Frente a la andanada propagandística contra Ernesto Zedillo, que pretende inflar supuestos errores para borrar las infamias recientes, la comparación entre su gestión y la de López Obrador resulta letal para el amado líder. El FOBAPROA fue una medida costosa e impopular, pero necesaria: evitó el colapso financiero y permitió estabilizar la economía. Fue debatido y aprobado en el Congreso, no una maniobra en la sombra. Segalmex, en cambio, fue un robo descarado, diseñado desde el poder, sin controles, sin transparencia, sin castigo. El INSABI no fue un error de cálculo, sino una demolición deliberada del sistema de salud pública que dejó sin atención a millones. Zedillo apostaba por el conocimiento técnico y la institucionalidad. López Obrador, por el capricho ignorante, la improvisación vengativa y la obediencia ciega. Sus megaproyectos opacos, sus contratos reservados por décadas, su pacto con monopolios amigos, su red de protección a empresarios afines, su coartada de “austeridad” usada para financiar una red clientelar: todo confirma que no combatió la corrupción, sólo la trasladó de bando.

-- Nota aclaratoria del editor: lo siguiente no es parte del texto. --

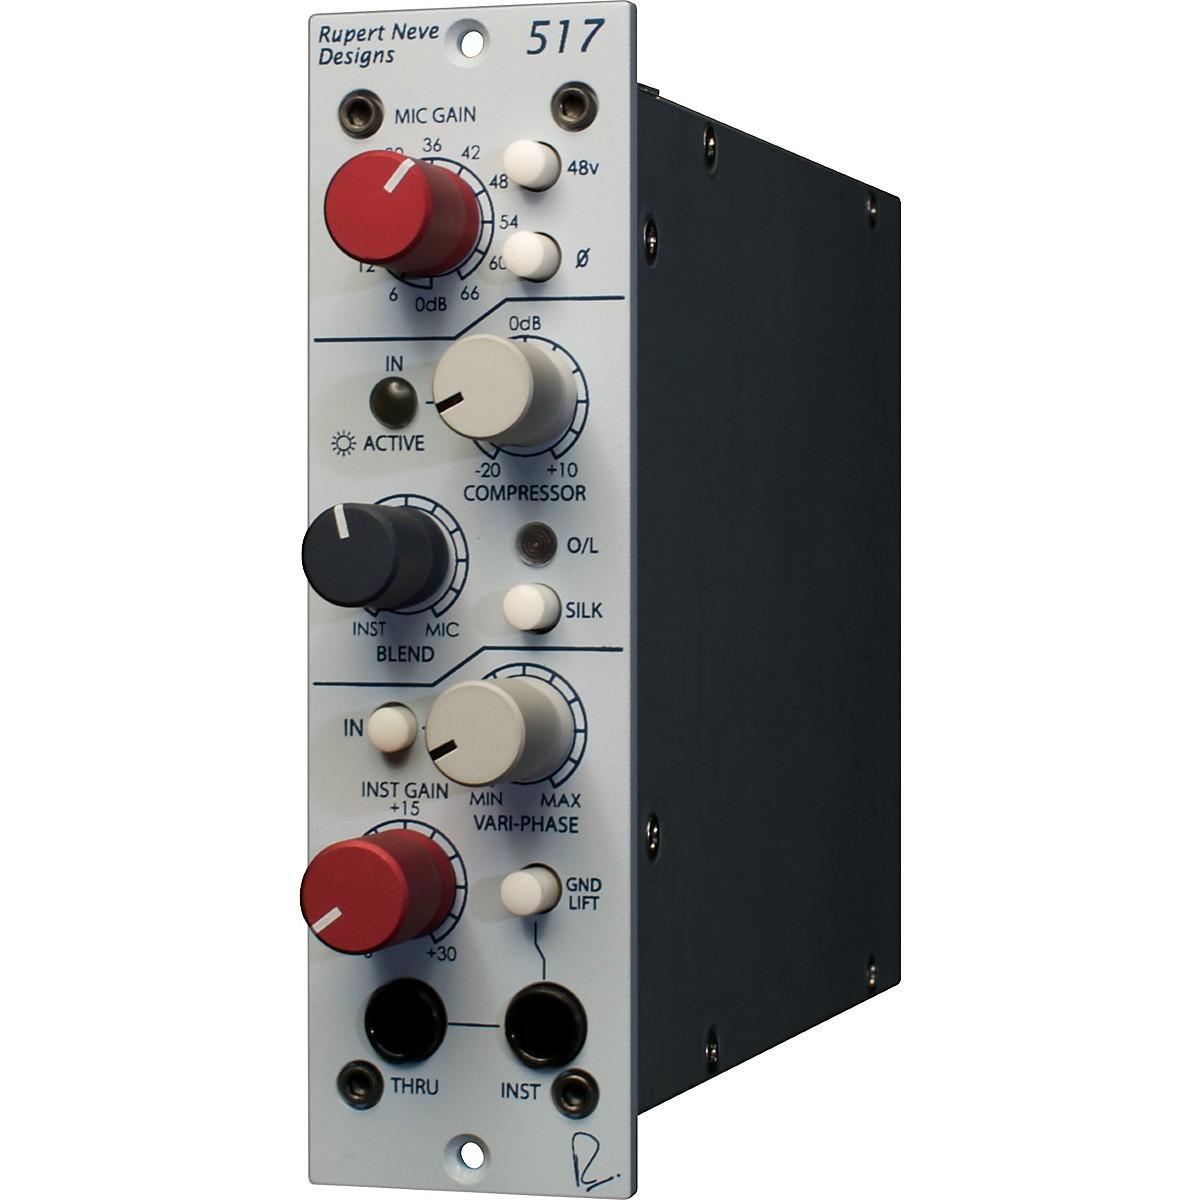 Rupert Neve Designs Portico 517: 500 Series Mic Pre / DI / Comp

Zedillo podrá haber sido distante, parco, falto de carisma, pero fue un demócrata que propició, por primera vez en la historia, una Suprema Corte realmente autónoma y elecciones libres. En cambio, cuando se disipe la niebla de la propaganda, López Obrador será recordado como un demagogo autoritario, artífice de una nueva coalición reaccionaria que consolidó al Estado como un instrumento de protección de privilegios y un botín para garantizar lealtades.